The International Sustainability Standards Board (ISSB) has released its first two finalized standards, marking a significant milestone in global reporting for ESG investors. These standards provide a framework for companies to report on and disclose their climate and sustainability practices. This development is a culmination of 18 months of work and aims to establish a uniform and comprehensive global baseline for sustainability disclosures, addressing a long-standing demand from investors.
The two frameworks, known as IFRS S1 for sustainability reporting and IFRS S2 for climate reporting, represent a new era of ESG reporting and disclosures in capital markets. ESG, which stands for environmental, social, and governance, has become a prominent factor for investors when evaluating companies. It has gained widespread recognition and popularity, with an estimated $41 trillion in global ESG assets projected for 2022 and $50 trillion by 2025, according to Bloomberg.
However, the ESG market has been marred by the issue of greenwashing, where companies misrepresent their ESG products. This has raised concerns among both companies and investors. The ISSB aims to address this issue by publishing long-awaited ESG reporting standards. These standards will influence the information companies include in their financial reports, encouraging them to reflect ESG risks. They build upon existing standards and frameworks, such as the Climate Disclosure Standards Board (CDSB), Task Force on Climate-related Financial Disclosures (TCFD), Value Reporting Foundation’s Integrated Reporting Framework, and industry-based guidance from the Sustainability Accounting Standards Board (SASB).

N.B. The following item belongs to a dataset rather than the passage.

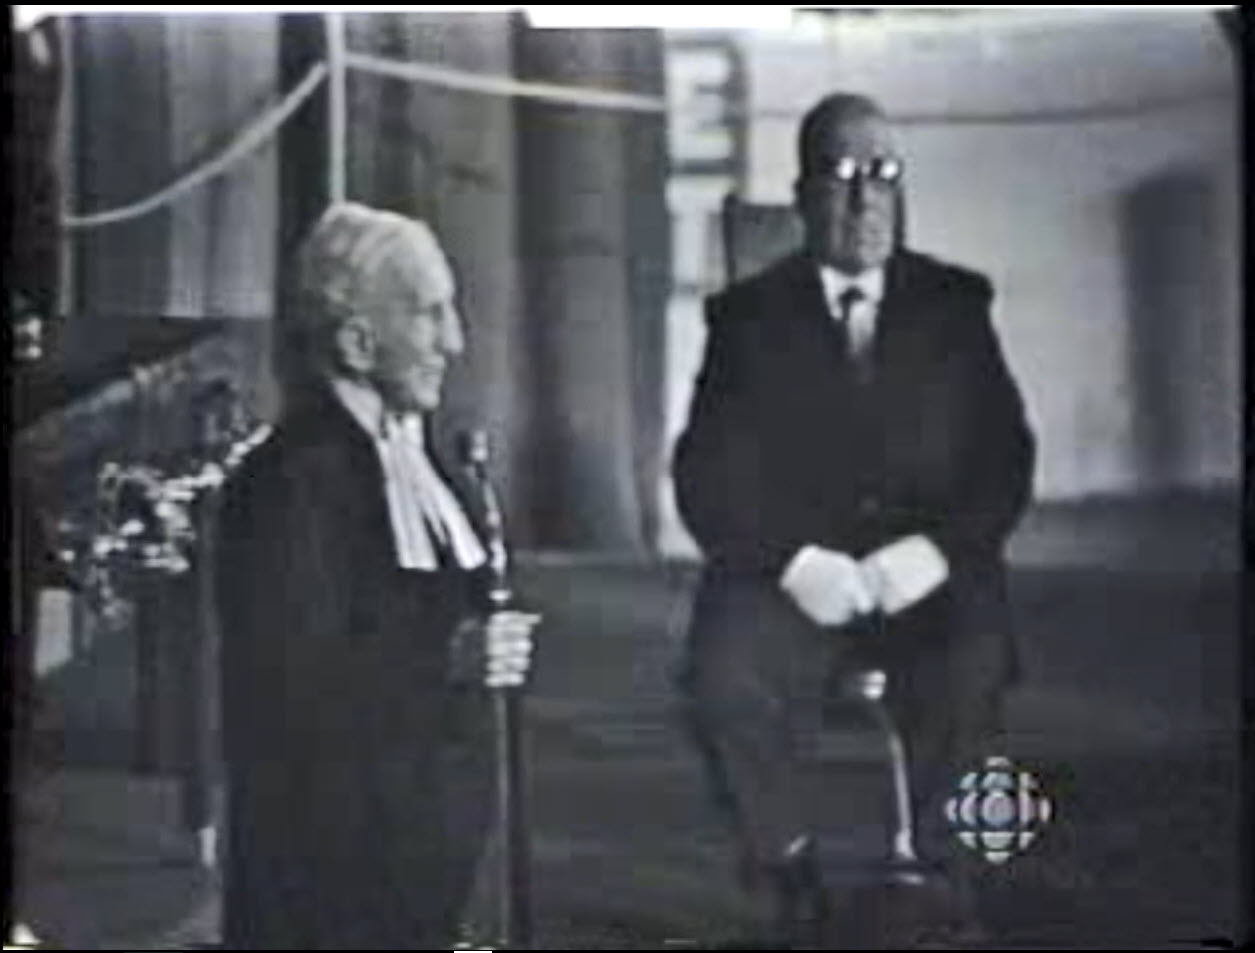 CBC Coverage of the centennial sitting in New Westminster, 1967.

One significant aspect of the ISSB standards is that they require companies to provide ESG information alongside their financial statements within the same reporting documents. This creates a common language for companies to disclose the climate-related risks and opportunities they face. Previously, the lack of a global baseline for ESG reporting made it challenging for investors to compare companies accurately.
Under the ISSB climate standards (IFRS S2), companies will need to determine their greenhouse gas (GHG) emissions, including all sources, and disclose the amount and percentage of assets or activities prone to climate-related risks. They will also be required to report on their capital expenditure related to climate risks and opportunities, disclose their use of internal carbon pricing, and report on climate-related targets.
The ISSB sustainability standards (IFRS S1) mandate that companies report information significant to financial prospects that may impact investment decisions. They must also discuss how they identify and monitor sustainability-related risks and explain their governance processes for tracking these risks.
The new ISSB standards align with the concepts underlying the IFRS Accounting Standards, which are required by 140 jurisdictions worldwide. This establishes a truly global baseline for sustainability reporting. While the European Union has already initiated its own standard-setting activities, the US Securities and Exchange Commission is still working on implementing regulations to ensure businesses disclose their carbon emissions. The SEC currently requires companies to report on their absolute carbon emissions, including scope 3 emissions.
During the finalization of the ESG reporting standards, the ISSB considered over 1,400 comment letters. One significant feedback received pertained to scope 3 emissions, which pose a challenge for many companies. Scope 3 emissions require corporations to map their entire value chain to report on their emissions. In response to this concern, the ISSB has granted companies an additional year to report on their scope 3 information and provided support and guidance for measuring and reporting these emissions.
Companies will be able to start applying the final version of the ISSB reporting standards next year. This means that the first reports using these frameworks will be available to investors in 2025. It will be up to individual countries to decide whether to make the ISSB standards mandatory. Ultimately, these global standards aim to enhance trust and confidence in companies’ climate and sustainability disclosures, enabling informed investment decisions.